Кюре раскурил трубку, не спуская глаз с юной мухи, пролетавшей теперь на бреющем полете над клавиатурой его компьютера. Он хлопнул ладонью по столу, но промахнулся.

— Я не собираюсь ее убивать, — объяснил он, — просто ловлю. Мне любопытно, с какой частотой вибрируют мушиные крылья. В неволе они бьются гораздо быстрее, и звук пронзительнее. Сейчас увидите.

Он выпустил толстое кольцо дыма и взглянул на них, не раскрывая ладони.

— Это моему викарию пришла в голову мысль отправить меня в депрессию, — снова заговорил он, — пока все не успокоится. Он посадил меня фактически под домашний арест по просьбе епархиального начальства. Я уже несколько недель никого не видел, так что рад поболтать, пусть даже с полицейскими.

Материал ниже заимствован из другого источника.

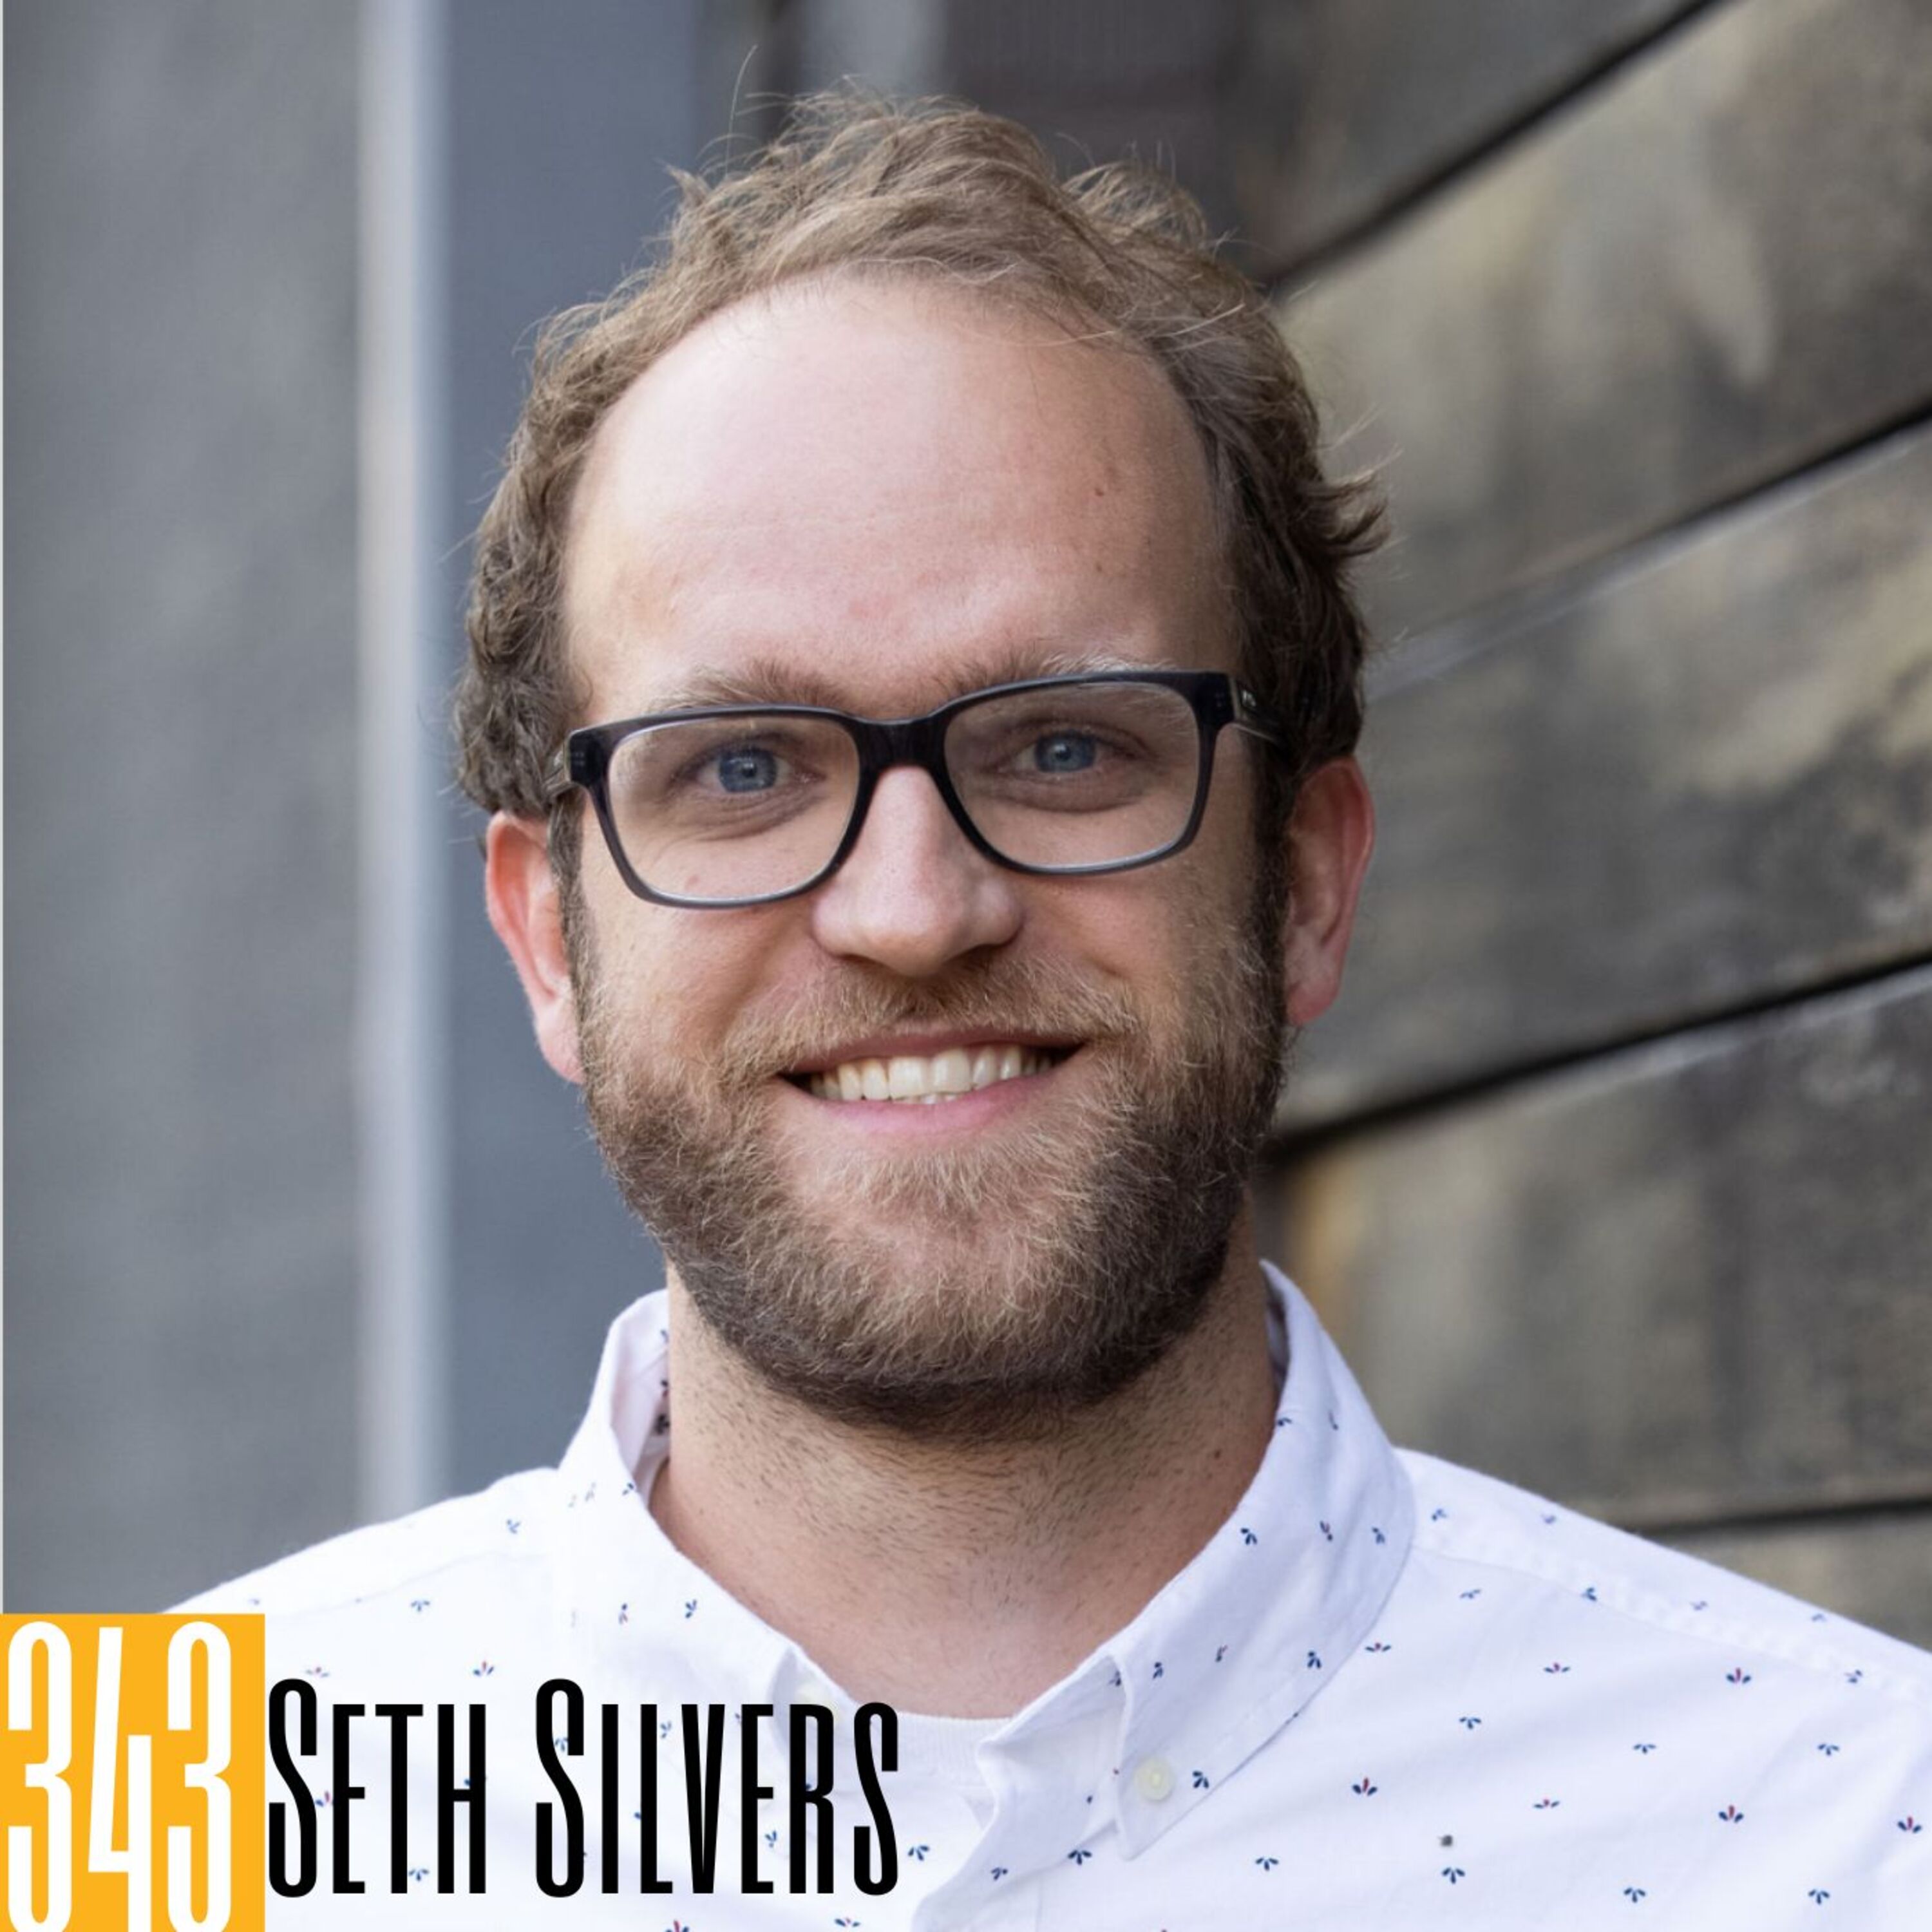 343 Seth Silvers - The Intersection of Business, Storytelling, and Podcasting

Адамберг колебался, не понимая, как поступать с загадкой, впрямую заданной кюре. Человек хочет, чтобы его выслушали и поняли, почему бы и нет. Кюре всю жизнь занят тревогами своей паствы, сам не имея ни малейшей возможности пожаловаться даже шепотом. Комиссар рассматривал несколько гипотез — любовное разочарование, плотские угрызения, утрата мощей, церковь-убийца в Оппортюн.